Last month I described Obama’s cleverly choreographed media events in Kenya, when an old lady widely described as his grandmother was produced. A few days ago, it was time for more photo-opportunities in El Dorado, in the heart of the frozen plains of Kansas, where his white maternal grandfather was born.

“Thank you for welcoming me back to the place my family called home,” he roared, failing to mention that he had never once been to that place before. Tavis Smiley, the legendary black broadcaster, says that blacks are sceptical of Obama because he does “not have a long-standing relationship with the black community.”

Professor Cornel West of Princeton, likewise, criticises Obama for beginning his campaign in Abraham Lincoln’s Springfield, Illinois, rather than a symbolic place of racial healing like Martin Luther King’s church.

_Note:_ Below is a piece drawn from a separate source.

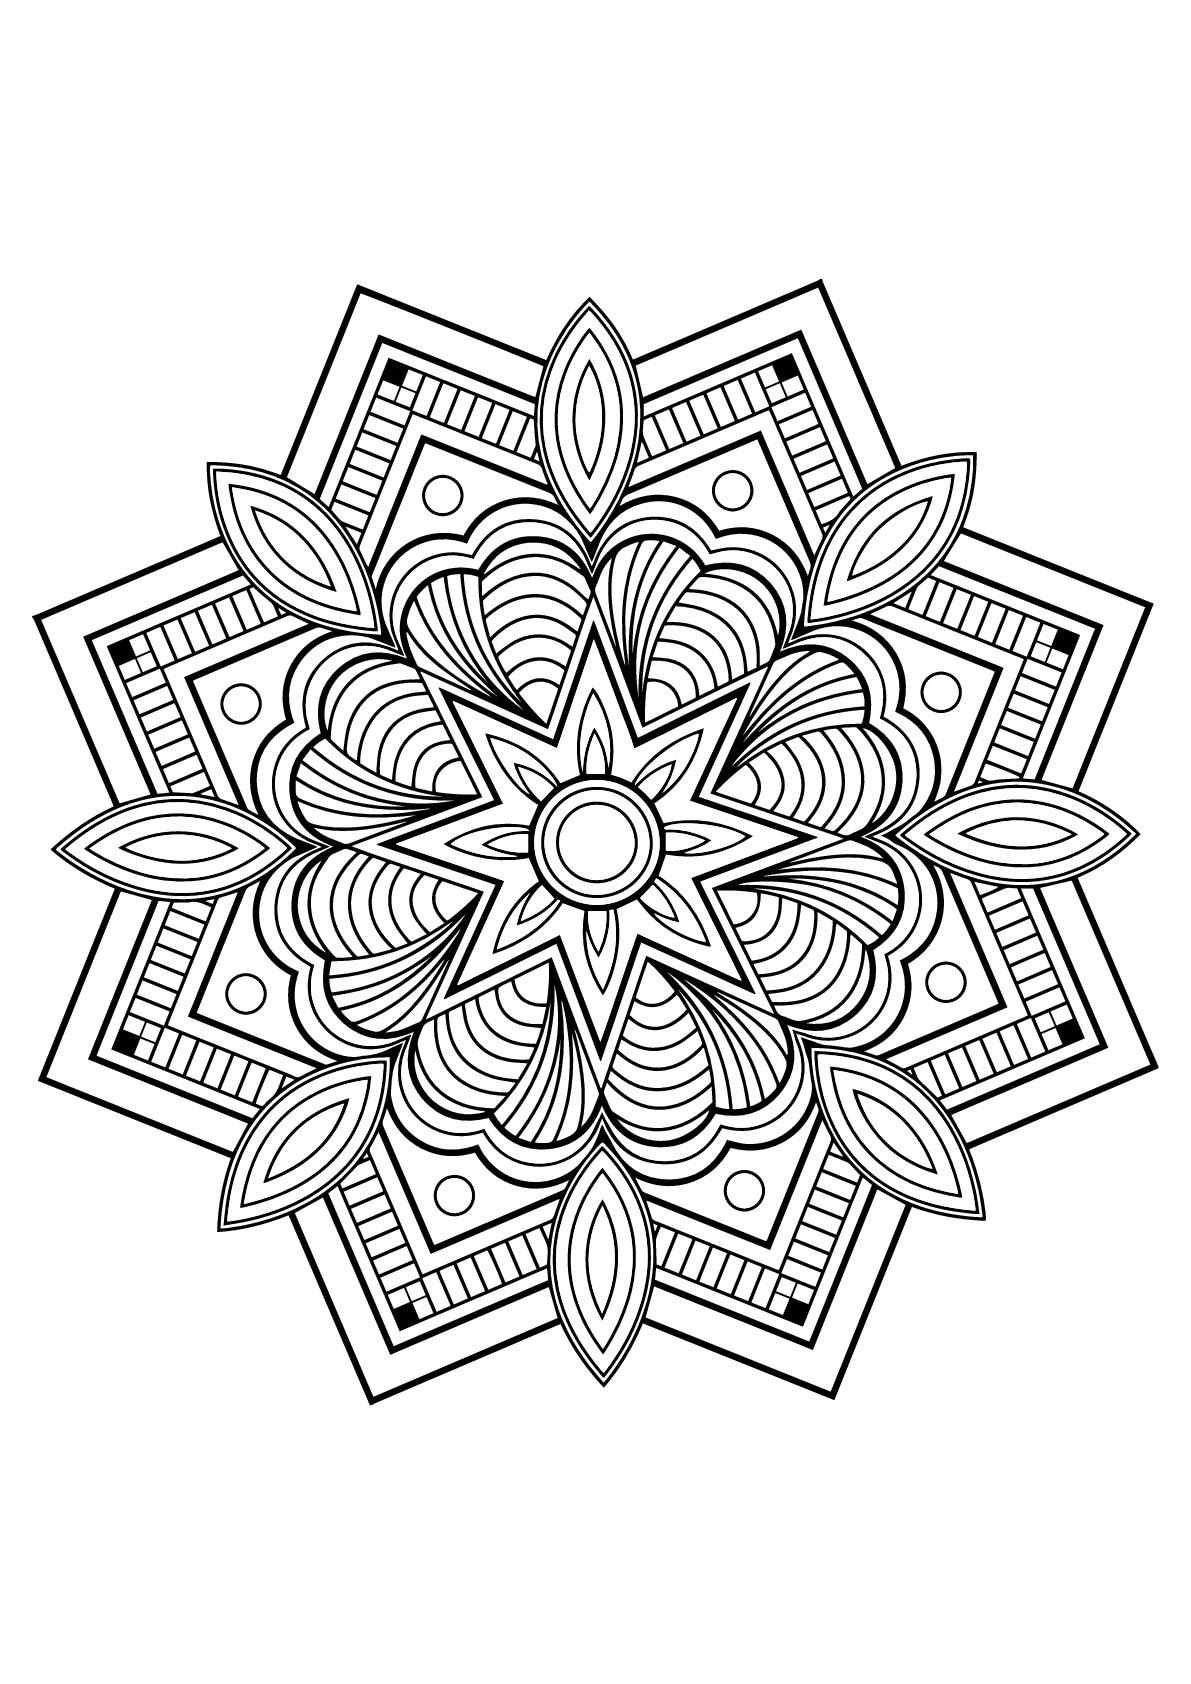 Mandala Complexe Livre Gratuit 10 - Coloriage Mandalas concernant Imprimer Dessin Mandala

The evil legacy of slavery is seared so deeply into the American consciousness, though, that last Tuesday the African-American vote nonetheless went almost entirely to Obama.

So what next? Despite Obama’s record fund-raising last month, the Clinton campaign still has more cash in hand ($50.5m) than Obama’s ($36.1m). Conventional wisdom is that Obama’s impetus will now give him the edge in forthcoming caucuses and primaries, but a painstaking analysis by the Washington Post concluded that Clinton will benefit most. There was something for both sides in last Tuesday’s votes, after all: Obama won the most states, but Hillary won hundreds of thousands more votes.

Super Tuesday II comes on 4 March, when the delegate-rich states of Texas and Ohio go to the polls. Then comes Pennsylvania on 22 April, and such is electoral fever that it’s already too late to book a room in Harrisburg for that date. Should no clear winner have emerged by then, the Clintonistas will start furiously arguing that votes by Democrats in Florida and Michigan should count, which party rules currently forbid – or that the states should go back to the polls, which this time would be within the rules. The fun, my friends – as John McCain would say – has hardly started.